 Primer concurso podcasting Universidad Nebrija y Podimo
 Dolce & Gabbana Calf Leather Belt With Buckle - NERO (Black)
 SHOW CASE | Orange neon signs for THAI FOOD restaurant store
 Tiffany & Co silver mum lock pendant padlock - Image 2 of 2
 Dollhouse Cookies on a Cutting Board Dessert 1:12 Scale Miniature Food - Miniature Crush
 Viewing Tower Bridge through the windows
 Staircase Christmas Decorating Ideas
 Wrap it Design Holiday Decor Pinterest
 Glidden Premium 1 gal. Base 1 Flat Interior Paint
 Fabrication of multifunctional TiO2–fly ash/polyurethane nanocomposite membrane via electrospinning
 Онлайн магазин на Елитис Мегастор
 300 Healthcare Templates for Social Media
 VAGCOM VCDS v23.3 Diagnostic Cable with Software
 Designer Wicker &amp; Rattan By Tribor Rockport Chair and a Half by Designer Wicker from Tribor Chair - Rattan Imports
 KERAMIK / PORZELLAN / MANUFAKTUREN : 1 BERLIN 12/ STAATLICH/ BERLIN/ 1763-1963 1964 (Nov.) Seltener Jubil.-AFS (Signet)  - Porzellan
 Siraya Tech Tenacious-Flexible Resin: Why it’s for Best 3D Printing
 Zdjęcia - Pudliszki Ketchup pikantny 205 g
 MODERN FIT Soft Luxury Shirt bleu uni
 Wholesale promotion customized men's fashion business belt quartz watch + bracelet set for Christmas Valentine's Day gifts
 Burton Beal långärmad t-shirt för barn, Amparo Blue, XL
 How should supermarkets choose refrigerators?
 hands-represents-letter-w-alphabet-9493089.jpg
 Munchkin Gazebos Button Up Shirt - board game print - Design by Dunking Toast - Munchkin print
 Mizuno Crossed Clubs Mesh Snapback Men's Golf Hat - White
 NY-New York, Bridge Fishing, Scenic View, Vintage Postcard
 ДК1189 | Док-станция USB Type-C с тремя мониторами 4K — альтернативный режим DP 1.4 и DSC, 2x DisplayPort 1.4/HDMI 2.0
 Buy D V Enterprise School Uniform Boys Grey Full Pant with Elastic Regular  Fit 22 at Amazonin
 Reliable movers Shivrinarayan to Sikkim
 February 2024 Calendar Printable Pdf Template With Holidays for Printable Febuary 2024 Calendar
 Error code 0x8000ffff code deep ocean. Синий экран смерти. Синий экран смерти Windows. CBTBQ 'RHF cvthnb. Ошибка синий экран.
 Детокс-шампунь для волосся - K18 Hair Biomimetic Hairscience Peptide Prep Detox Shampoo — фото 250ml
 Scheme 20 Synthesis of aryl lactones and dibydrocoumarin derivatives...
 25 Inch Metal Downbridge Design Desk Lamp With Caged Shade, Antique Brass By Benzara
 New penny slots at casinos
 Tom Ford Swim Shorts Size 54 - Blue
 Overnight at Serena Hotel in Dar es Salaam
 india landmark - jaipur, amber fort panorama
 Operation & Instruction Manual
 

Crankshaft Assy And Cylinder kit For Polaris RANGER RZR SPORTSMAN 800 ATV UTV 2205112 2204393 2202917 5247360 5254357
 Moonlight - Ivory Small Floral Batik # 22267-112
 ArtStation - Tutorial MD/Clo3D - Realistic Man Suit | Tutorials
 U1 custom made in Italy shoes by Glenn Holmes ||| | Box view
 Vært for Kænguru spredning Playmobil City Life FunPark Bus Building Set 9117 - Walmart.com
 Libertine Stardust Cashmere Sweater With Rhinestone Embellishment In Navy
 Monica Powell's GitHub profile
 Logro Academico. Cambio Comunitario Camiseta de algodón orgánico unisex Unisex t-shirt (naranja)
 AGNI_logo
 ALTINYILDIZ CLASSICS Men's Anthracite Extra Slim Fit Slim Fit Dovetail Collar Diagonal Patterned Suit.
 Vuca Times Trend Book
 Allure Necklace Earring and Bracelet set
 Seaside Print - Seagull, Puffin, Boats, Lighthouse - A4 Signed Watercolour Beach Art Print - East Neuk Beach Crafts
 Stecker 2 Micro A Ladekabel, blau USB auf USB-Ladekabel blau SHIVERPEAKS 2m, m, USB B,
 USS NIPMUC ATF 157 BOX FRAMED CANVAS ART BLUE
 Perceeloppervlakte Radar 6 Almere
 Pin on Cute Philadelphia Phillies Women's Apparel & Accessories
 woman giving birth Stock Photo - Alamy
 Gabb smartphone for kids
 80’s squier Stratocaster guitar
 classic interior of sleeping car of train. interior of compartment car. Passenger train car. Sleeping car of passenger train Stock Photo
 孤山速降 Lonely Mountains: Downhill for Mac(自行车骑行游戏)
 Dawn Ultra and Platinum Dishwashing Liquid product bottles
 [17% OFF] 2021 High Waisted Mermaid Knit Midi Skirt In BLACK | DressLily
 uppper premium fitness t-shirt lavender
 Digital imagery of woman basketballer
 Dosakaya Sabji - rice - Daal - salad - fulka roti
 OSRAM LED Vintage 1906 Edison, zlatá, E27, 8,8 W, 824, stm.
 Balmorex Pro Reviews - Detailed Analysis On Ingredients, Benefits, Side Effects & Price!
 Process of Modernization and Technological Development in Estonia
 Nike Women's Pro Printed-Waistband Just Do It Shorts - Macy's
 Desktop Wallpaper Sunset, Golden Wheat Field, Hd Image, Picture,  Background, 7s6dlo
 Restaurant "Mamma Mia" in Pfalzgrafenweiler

- [Work to complete]
For the listing above, print only the lines starting at the line containing "Mizuno Crossed Clubs" and ending at the line containing "ДК1189 | Док-станция", exactly, both included.

- [Solved exercise]
 Mizuno Crossed Clubs Mesh Snapback Men's Golf Hat - White
 NY-New York, Bridge Fishing, Scenic View, Vintage Postcard
 ДК1189 | Док-станция USB Type-C с тремя мониторами 4K — альтернативный режим DP 1.4 и DSC, 2x DisplayPort 1.4/HDMI 2.0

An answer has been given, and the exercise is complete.